In October 2020, Network 10 announced the revived series would not return in 2021.

2021: Seven's second iteration
In December 2020, Seven announced they have re-gained the rights to the series, and will be bringing the show back with an All-Stars edition in 2021. The series was filmed at the ICC in Sydney during March 2021. The season premiered on 11 April 2021. In March 2023, the series was renewed for a 20th season which is scheduled to air in Q2 of 2023, the season will not be an all-stars.

Cast

Hosts
From seasons 1 to 7 and season 18, entertainment legend Daryl Somers and dancer/actress/television presenter Sonia Kruger were the two primary hosts. For season 8, Somers was replaced by actor Daniel MacPherson, when Somers returned to the Nine network to host the rebooted Hey Hey, It's Saturday. Kruger continued to co-host with MacPherson, until the start of season 12, when she also defected to the Nine network. Kruger was subsequently replaced by former Spice Girl Melanie Brown, who is a former contestant in the American version of the show, in season 5. In 2013, Brown was replaced by Sunrise weather presenter Edwina Bartholomew. In 2015, Shane Bourne replaced Daniel MacPherson as co-host.
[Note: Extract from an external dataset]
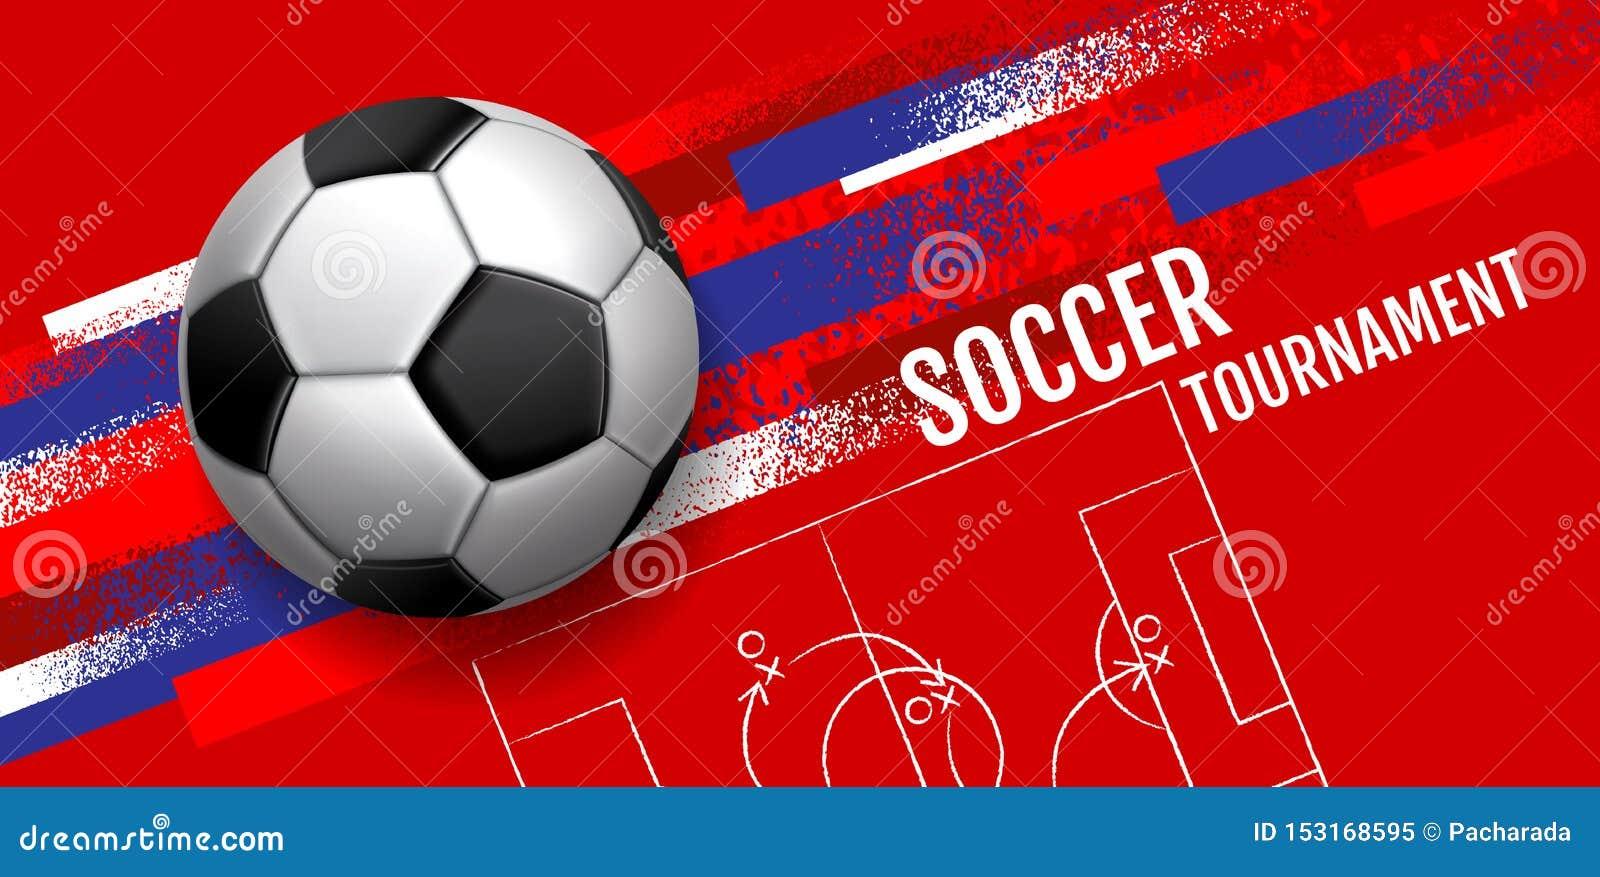 Template Sport Layout Design, grunge Design, Brush ,speed, Graphic Illustration, Football, Soccer, Vector Illustration

It was announced in September 2018 that in 2019, a 16th season would begin. A whole new cast and crew will be involved in a new production with a 'fresh look' with Grant Denyer and Amanda Keller co-hosting.

Key:  Previous   Current

Judges
From seasons 1 to 7, the judging panel consisted of four primary judges: Todd McKenney, Helen Richey, Paul Mercurio and Mark Wilson. At the start of season 8, Mercurio left the judging panel. Before the eleventh season began, Wilson was dumped by the Seven network and replaced by Joshua Horner. McKenney, Richey and Horner have made up the primary judging panel since 2011. Kym Johnson who comes from the American version of the show, and Adam Garcia join the judging panel in 2013. In 2015, Bruno Tonioli, who comes from both British and American versions, replaced Garcia as a judge for the first three weeks before leaving just three judges for the rest of the season.

Ian "Dicko" Dickson and Bruno Tonioli have also appeared as guest judges throughout the series, providing feedback and scores as part of their judging role. Pamela Anderson, Damian Whitewood, Olivia Newton-John and Dame Edna Everage have also appeared as guest judges on the Seven Network series, but providing comments and feedback only.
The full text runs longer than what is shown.